Lars Wirzenius: Obnam, 2007
Wednesday, August 01, 2007
Sometimes in programming one gets to concentrate for a bit on a single, simple, pure program. A command line utility which is completely in batch mode, does not handle any kind of complicated data, does not need to deal with other programs, or the network, or anything nasty like that. Something where one can just look at the one or two interesting parts and not have to worry about anything else. This is the story of one such program.
I need a program to generate test data sets for backup performance testing. The program needs to be reasonably efficient, since the simulated backups may be rather large. My first attempt was not fast enough. There were two reasons for this: the way I was generating random binary data, and the way I was generating filenames.
The program generates random binary data to simulate large files, such as image, audio, or video files, and thus it needs to be uncompressible with the usual compression algorithms.
My first attempt was to generate each output byte with the Python pseudo-random number generator (random.randint). This only results in about 0.1 megabyte/s (on my laptop), so I needed to improve it. After some iteration and advice, I landed on the following: I generate random bytes with the Python PRNG (random.getrandbits), and feed these to an MD5 checksum. After each byte, I get the current digest and append it to the output. This way, for each random byte, I get 16 bytes of output. It isn't completely random, but it satisfies the uncompressibility requirement. This resulted in about 2.5 MB/s.
I then tweaked the code a bit, doing things like avoiding unnecessary arithmetic. I further decided to only feed the first few dozen bytes from the PRNG, and the rest as the same constant byte. The initial run of randomness is enough to make sure the output is unique for different files, so that compression doesn't find lots of duplicates of the big files.
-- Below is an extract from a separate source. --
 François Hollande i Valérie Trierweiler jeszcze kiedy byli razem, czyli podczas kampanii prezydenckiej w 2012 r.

This resulted in a speed of about 6.6 MB/s on my laptop and about 13 MB/s on my server.
This still didn't make the program fast enough, but the remaining problem was not that writing the contents of one file was too slow, but operations on directories were very, very slow. After benchmarking with zero-byte files, turns out that at the slowest, with file counts in the millions, it would create only a few tens of files per second. That's empty files, so only requiring an update of indoes and the creation of a new directory entry. Obviously, the problem was that I was putting too many files in directories, causing the filesystem to spend a lot time scanning them.
I was creating up to 250 files per sub-directory, and then creating a new sub-directory. All of these sub-directories were going directly under the user's chosen output directory. To measure what the optimal size of a directory was, and whether to create two levels of sub-directories, I wrote a little benchmark program.
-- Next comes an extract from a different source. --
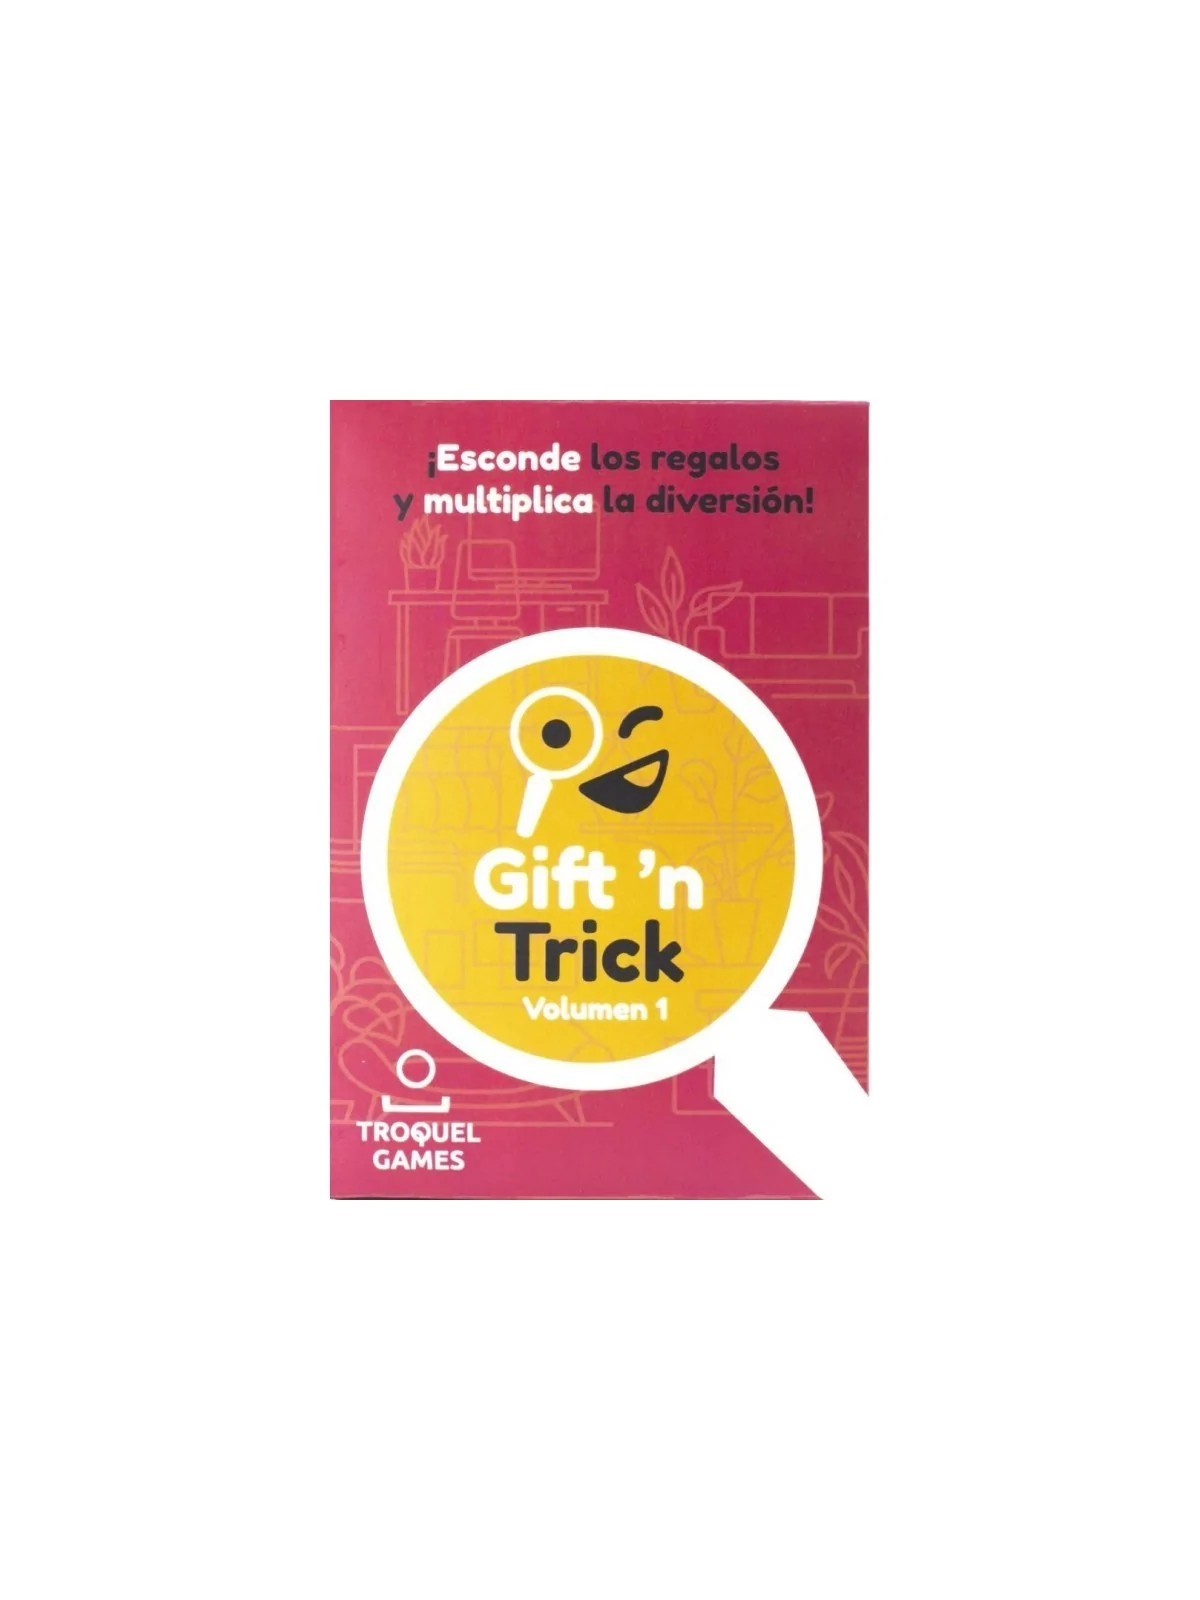 Comprar Gift 'n Trick Vol.1 barato al mejor precio 6,26 € de Troquel G

Some graphs from the benchamrks: for 0, 4, 8, and 16 KiB files, for up to one million files of each size. onedir puts all files in the same directory, subdirsofN puts N files per directory, and subsubdirsofN has two levels of directories, the leaf directories getting N files each.
From the graphs I deduced that overall, having two levels of directories and up to 1000 files per sub-directory was the best option of those tested.
On the other hand, the bigger the files, the less it mattered what the directory structure was. Perhaps the obvious reason for the slowness wasn't that, after all.
Then I realized my code was slow because I was doing an os.listdir (listing all files in a directory) for every directory every time I creted a file. Fixing that idiocy made the code so fast that any overhead from the directory operations was no longer relevant. But at least I had some nice graphs.
On the server I will be generating my test data the program is now happily generating just over 11 MB/s of test data. I wouldn't mind having it be a lot faster, but it's fast enough. It will take hours to generate hundreds of gigabytes, but I hopefully won't need to do that very often. Thus, further optimization isn't worth my time, right now.
The program is genbackupdata, in case anyone else cares about it.
Friday, June 22, 2007
Given Anthony's thoughs on backups and Daniel's code loss incident, I thought I'd mention that one of the things I've been working on this year has been a backup program, called Obnam. It uses the rsync algorithm, for efficiency, and GnuPG for encryption (and compression). It backs up to a remote server, over sftp, but support for Amazon's S3 should be easy enough to add. (We sell the service of keeping your backups safe: we guarantee that data backed up to us doesn't get lost unless you want it to be. The service is commercial, but the software is, of course, free, as in GPL2-or-later.)